Carbide tools are known to be more resistant and accurate than steel tools for many reasons. They are a lot more rigid, preventing them from “walking off” or missing the contact point at higher speeds. They have better heat dispersion properties, allowing for higher rotation speeds on harder materials. And they are a lot sharper given the atomic composition of tungsten carbide.
However, like any other tool in your shop, carbide cutting tools need to be cared for if you want them to last. Here are five tips to maximize their life.
1. Use a cutting lubricant when working with hard materials
When driving your milling machine through materials such as steel alloys or Inconel, you need to “baby” your machine.
Carbide cutting tools rarely need to be lubricated when going through aluminum. Keeping an eye on feed speeds is often enough to keep your chips away from the edges.

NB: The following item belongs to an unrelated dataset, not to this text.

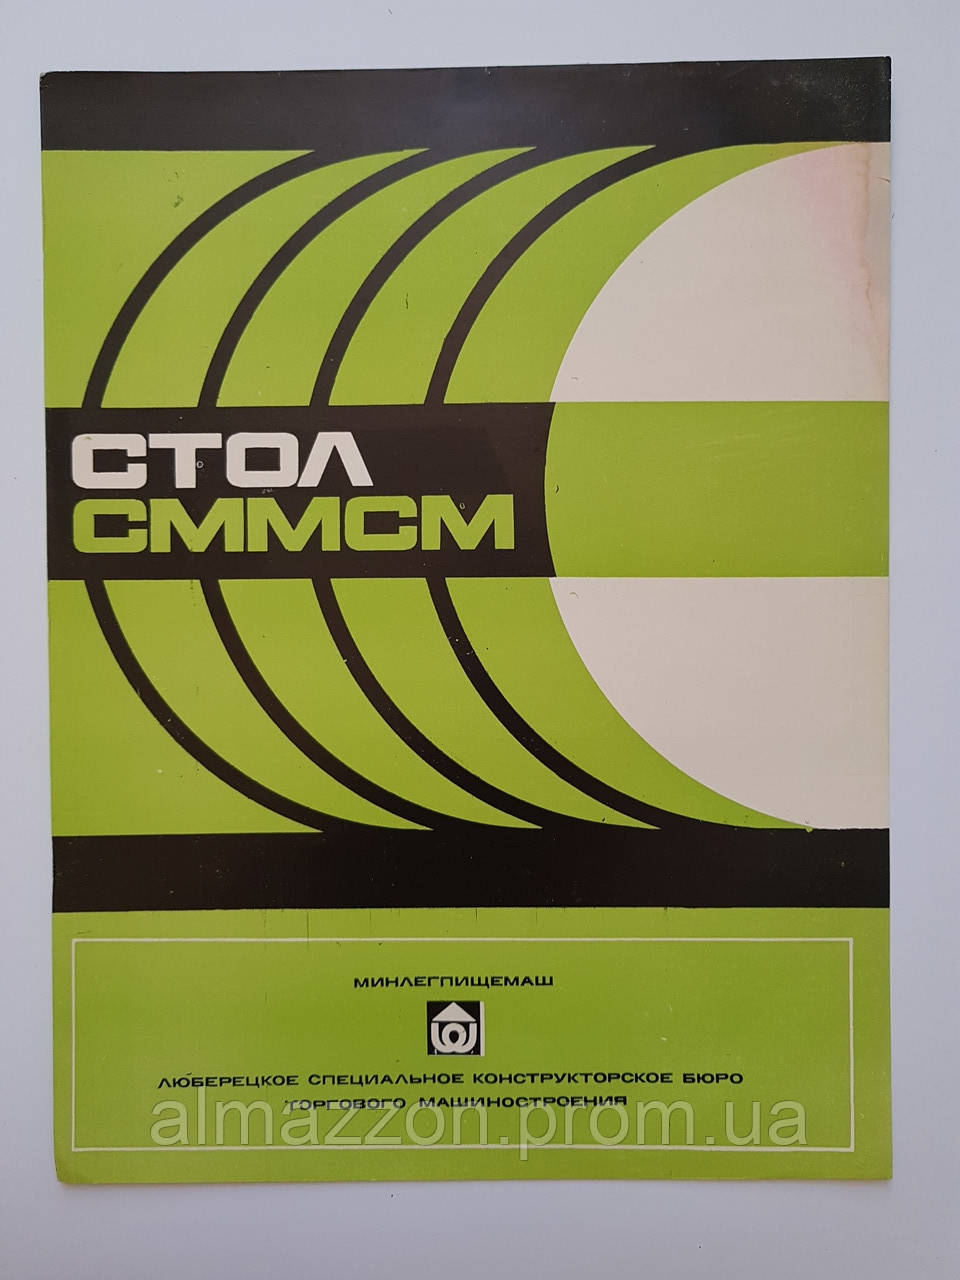 Журнал (Бюллетень) Стол СММСМ 1972г.

But harder alloys can cause serious problems if you don't apply some sort of cutting fluid while machining. They serve two purposes. One is to reduce friction as the bit engages with the material. The second is to keep temperatures under control, thus reducing the chances of localized hardening that can increase brittleness.

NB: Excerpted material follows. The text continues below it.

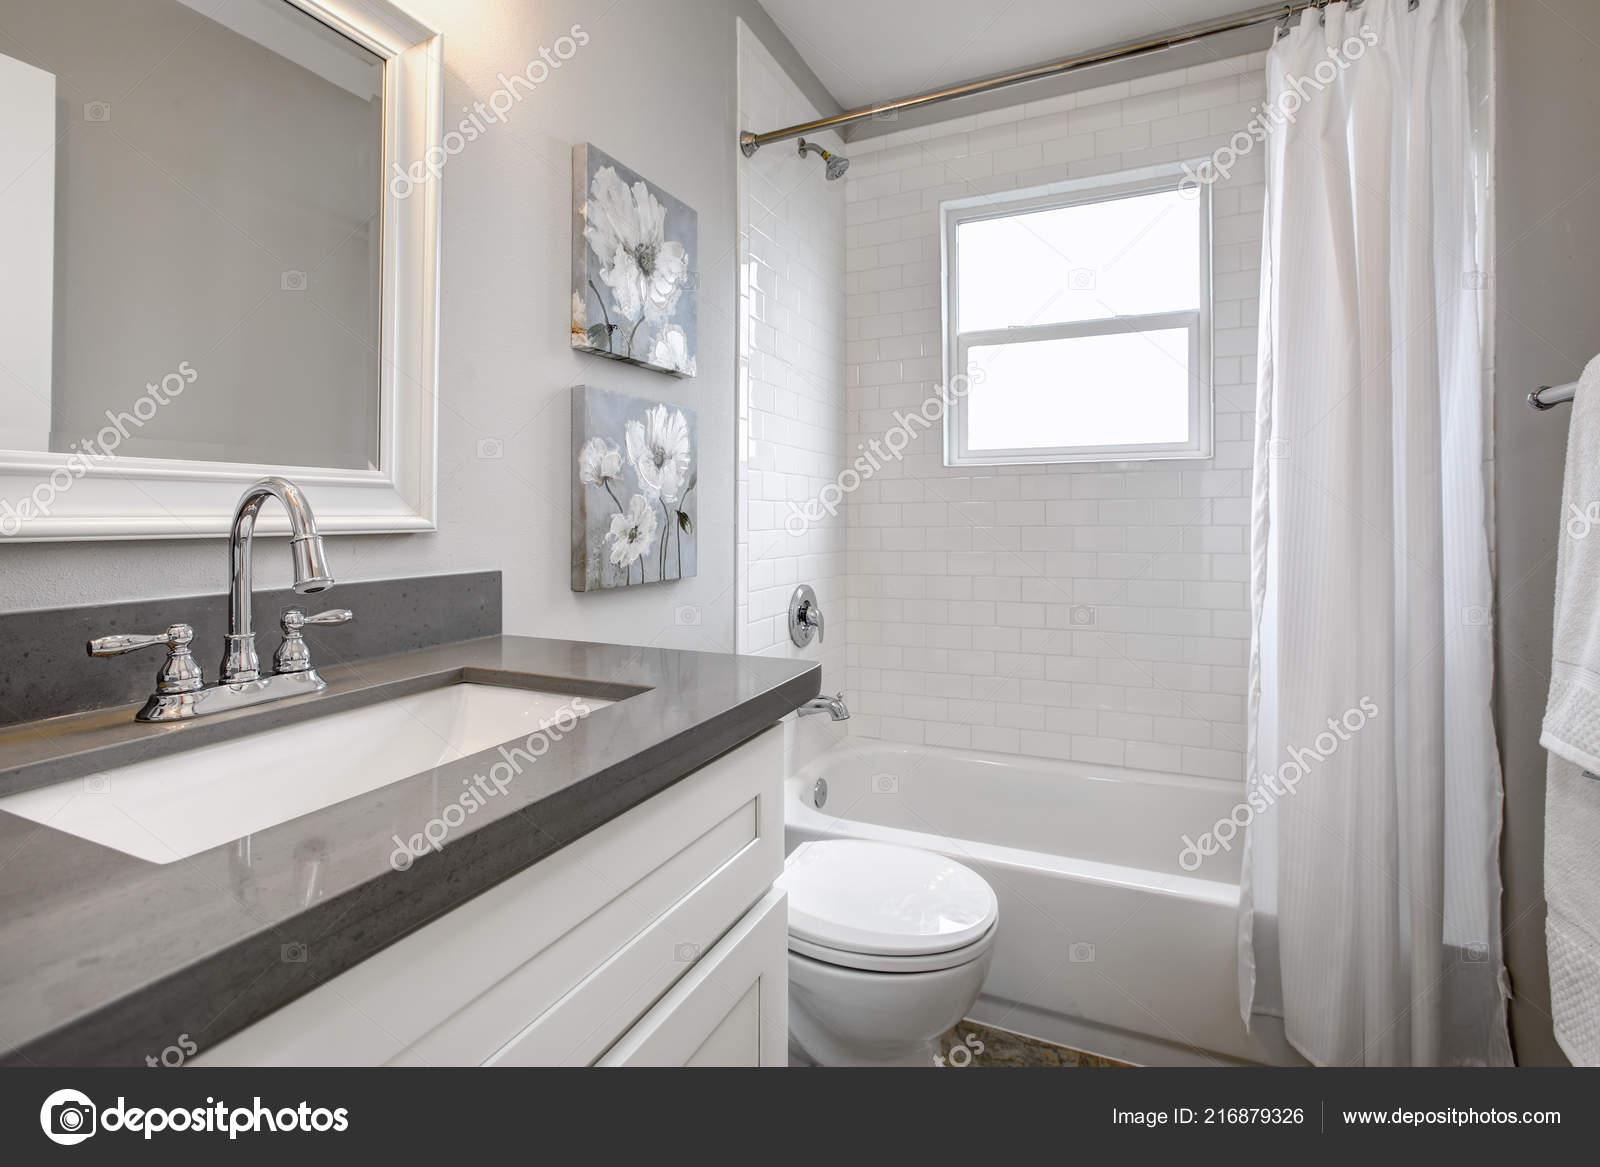 Modern Bathroom Interior White Vanity Topped Gray Countertop Stock Photo C Iriana88w 216879326

2. Keep your tools clean and free of debris by using compressed air
Using compressed air while feeding your mill is just good practice. It keeps chips, dust, and other contaminants away from your cutting tool. Chip evacuation is important to keep flutes free of contaminants that affect precision and might damage your edges. Compressed air also keeps the spindle taper and tool holder shanks free of contaminants that could cause problems when you change your tools.
3. Sharpen the edge periodically with a diamond wheel
Replacing carbide tools can get a bit expensive. One way of extending their lifespan is to sharpen them with a diamond-surface grinding wheel. A word of caution: make sure you place the bit parallel to the grinding surface and work in short intervals so you don't overheat the carbide. You will notice your recently sharpened edges as they have a brighter shine. Don´t forget to wear eye protection.
5. Be sure to use the right size cutter for your application
Material waste is a problem in any CNC machining operation. Using small bits can be tempting as they effectively reduce the amount of wasted material and increase accuracy. However, if the bit is too small, you will dull it out before finishing the cutting process. Always take into account hardness, sharpness, and flute count when going through any material. It can save you a lot of time and expenses.
With those five tips, you can rest assured that your cutting tools are always in top shape and they last you for a very long time. Whether you run a small CNC operation from your garage, or you specialize in manufacturing high-quality parts for the auto industry, you will surely appreciate having your tools last longer without compromising precision and efficiency.